他的瞳孔缩了一下,那一下很短,短到如果不是一直盯著他的眼睛看,根本不可能注意到。

“祁同伟同志,这笔钱,你有什么解释吗?”

祁同伟看著那行数字,看著那个日期,看著那个匯款人。

他知道这一天迟早会来,从他把u盘交给季珩珩的那一天起,他就知道。

但他没想到来得这么快,没想到省纪委的效率这么高,没想到侯亮平的举报信这么有分量。

他深吸了一口气,抬起头,看著孟副书记的眼睛。

“这笔钱,是我借的。山水集团的一个项目,资金周转不开,找我帮忙。

我没有那么多现金,就找朋友凑了一笔。

后来项目回款了,山水集团就把钱还给我了,借条还在,我可以提供。”

孟副书记看著他,看了几秒,没有说话。

他在判断,判断祁同伟说的是真话还是假话。

判断这笔钱到底是借款还是分红,判断这张借条是真的还是后来补的。

判断眼前这个穿著警服、腰杆挺得笔直、表面镇定自若的公安厅厅长,到底是一个什么样的人。

谈话持续了一个半小时。

孟副书记问了十几个问题,祁同伟答了十几个问题。

每一个问题,他都回答了。

每一个答案,都滴水不漏。

他像一台被精心编程的机器,输入一个问题,输出一个答案。

答案不是真的,也不是假的,是“合適”的。

合適到让提问的人挑不出毛病,合適到让自己不会陷入更深的麻烦,合適到让这场谈话可以在规定的时间內结束。

祁同伟走出省纪委大楼的时候,天已经快黑了。

他没有开车,沿著街道走了一段路,找了一个没人的角落,停下来,从口袋里掏出手机,拨了季珩珩的號码。

电话响了两声就接了。

“季总,谈完了。”

祁同伟的声音有些哑,像是一整天没喝水,又像是刚才在那间屋子里说了太多话,把嗓子说干了。

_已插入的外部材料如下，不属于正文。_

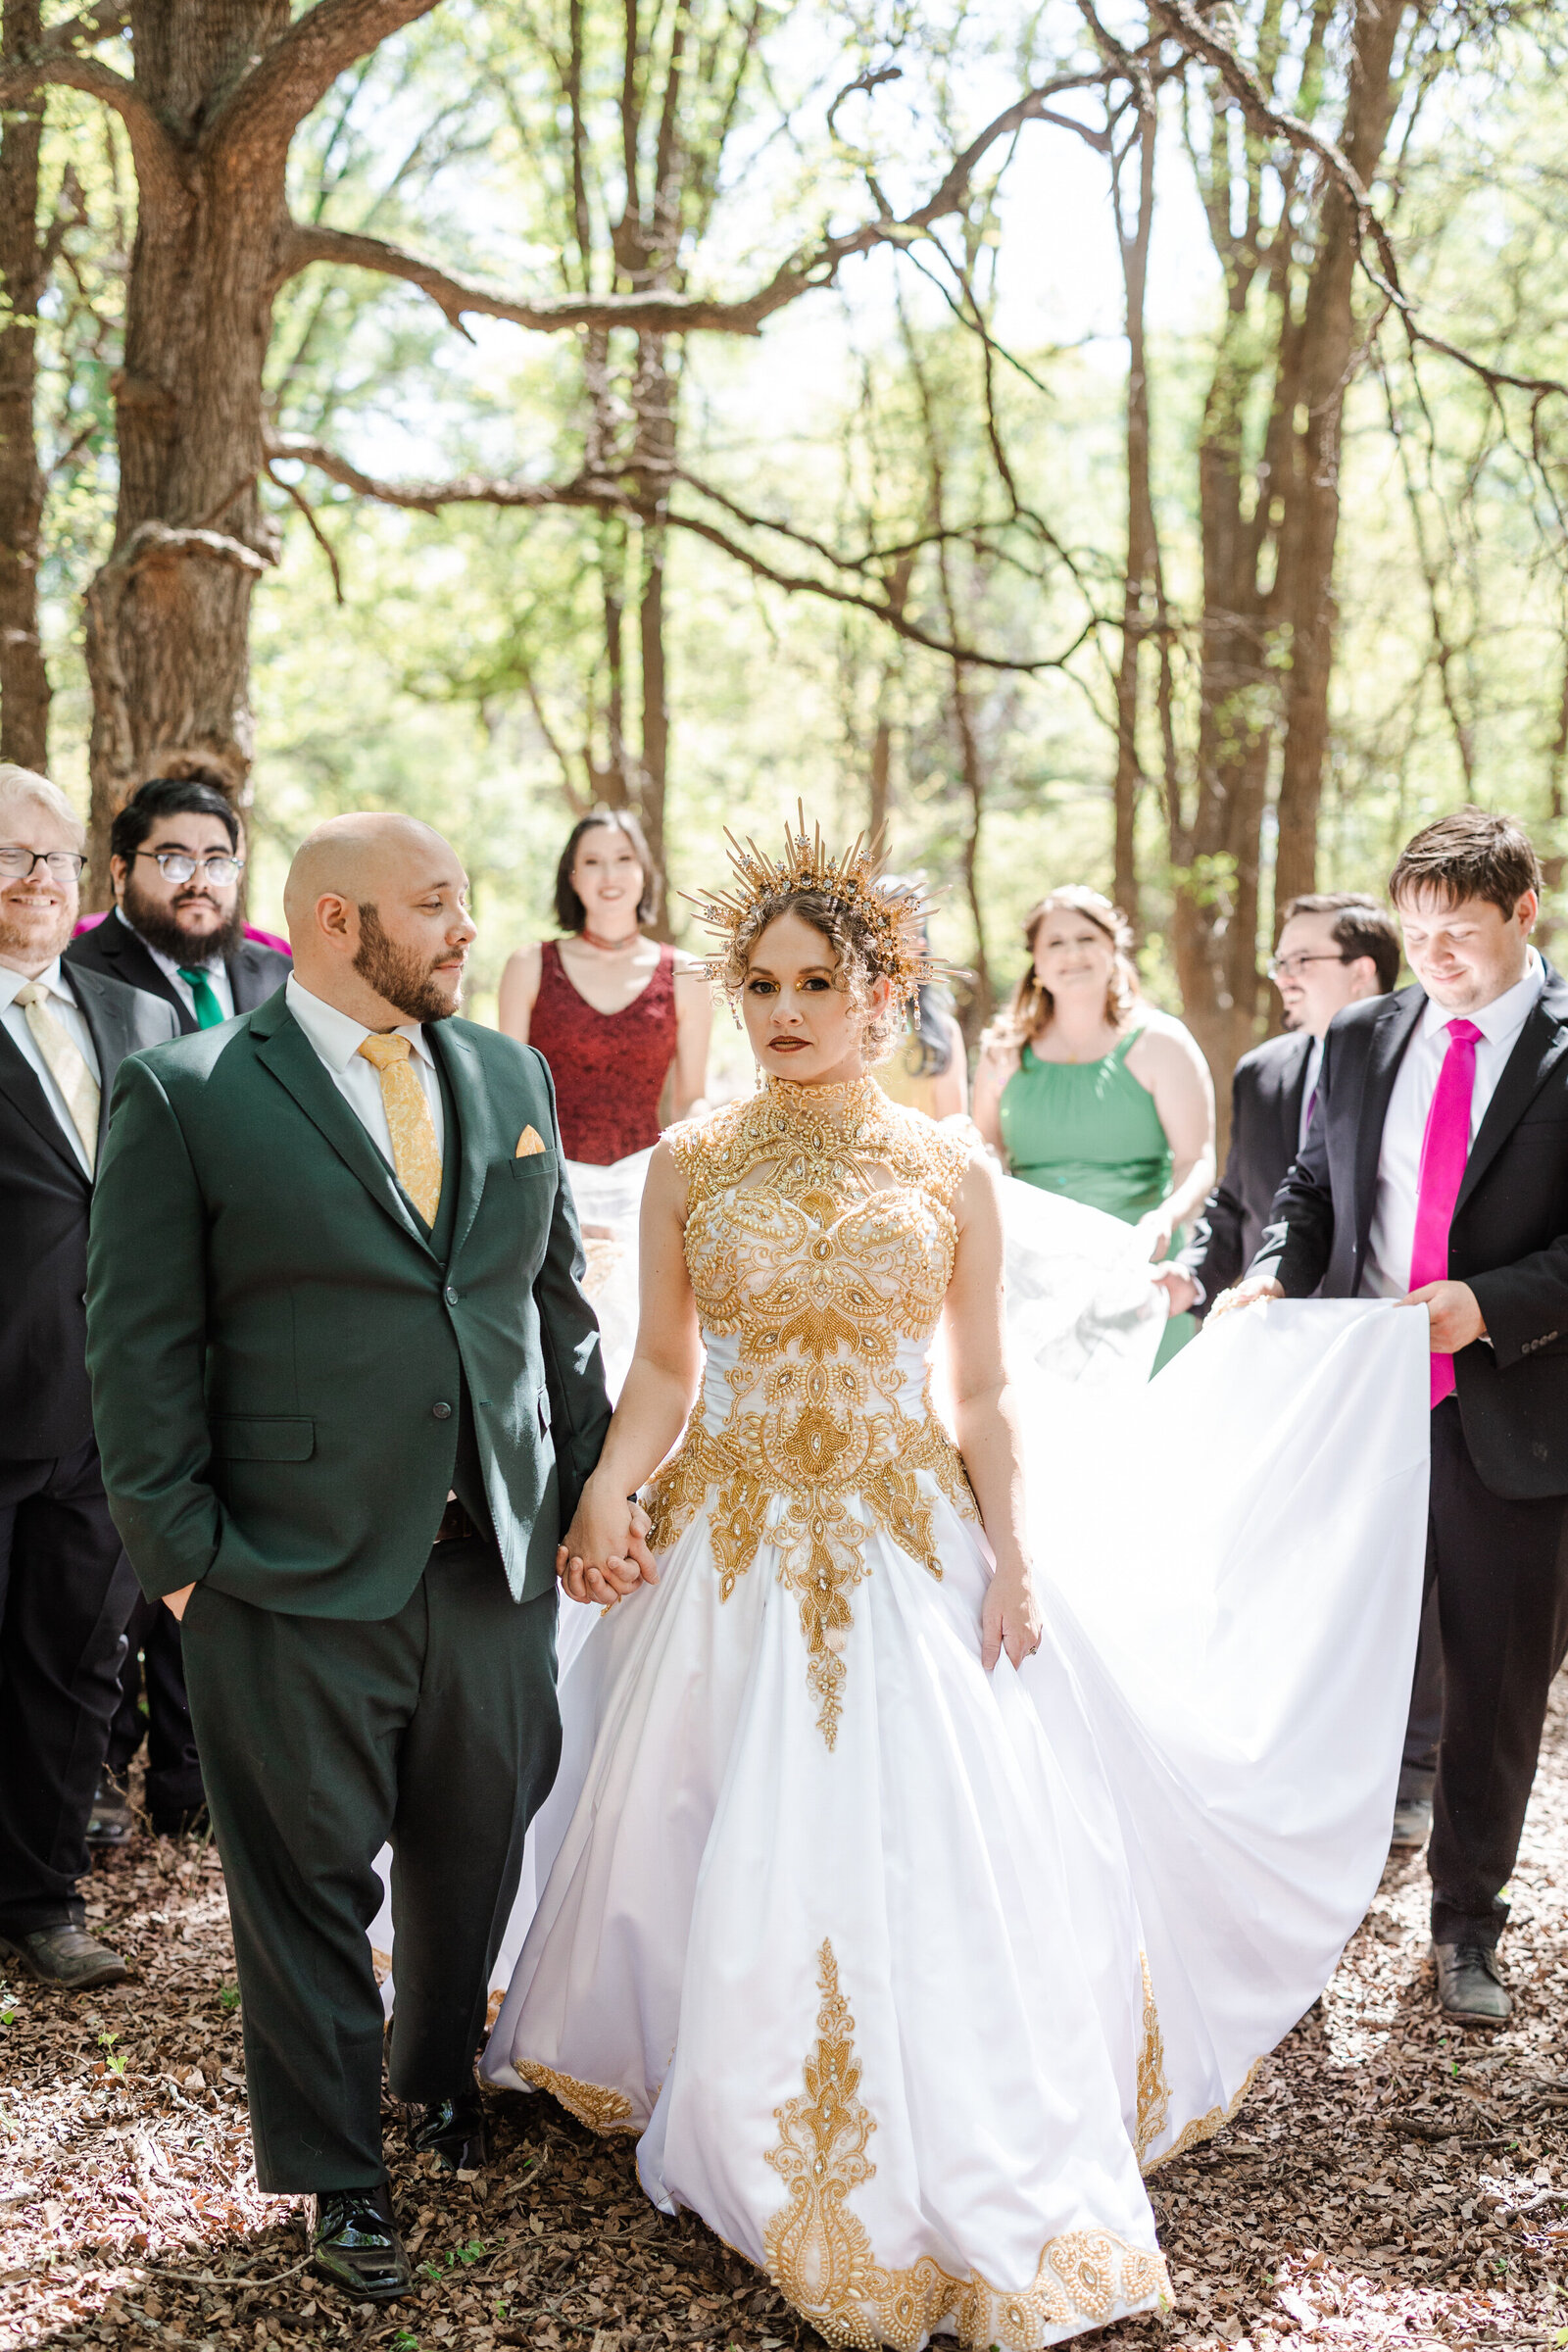 A bride in a gold crown and gold accented dress holds her groom's hand while her wedding party fans out her long dress train behind her. The groom is wearing a green suit and is looking at the bride. The wedding party all follow joyfully behind them in a wooded setting.

“怎么说?”季珩珩的声音很平静,平静得像在问今天天气怎么样。

祁同伟把谈话的內容大致说了一遍。

山水集团的关係,高小琴的关係,银行流水的解释。

他说得很详细,每一个细节都说了,包括自己怎么回答的,对方什么反应,有没有追问,有没有暗示什么。

他说完之后,电话那头沉默了片刻。

“祁厅长,您回答得很好。但省纪委问的这些,只是开胃菜,主菜还没上。”

祁同伟握著手机的手指紧了一下。

“季总,您什么意思?”

“我的意思是,省纪委这次找您谈话,不是因为他们掌握了多少证据。

是因为有人举报了您,他们不得不查。

查完之后,发现证据不足,暂时搁置。

但侯亮平不会罢休,他还会继续挖。

他挖到新的证据,还会继续举报。

省纪委就会继续查,这不是一次谈话能解决的问题,这是一场持久战。”

祁同伟的呼吸重了一些,胸膛在剧烈地起伏,像一台快要过载的发动机。

“季总,那我该怎么办?”

电话那头沉默了片刻。

然后季珩珩说了一句让祁同伟记了很久的话:“祁厅长,您手里有什么牌,就打什么牌。您手里的牌,比侯亮平多,您只是不敢打。”

祁同伟握著手机,看著灰濛濛的天。

云层裂开一道缝,阳光从缝隙里漏下来,正好照在他身上。

他把那道光,当作季珩珩伸过来的手。

“季总,我明白了。”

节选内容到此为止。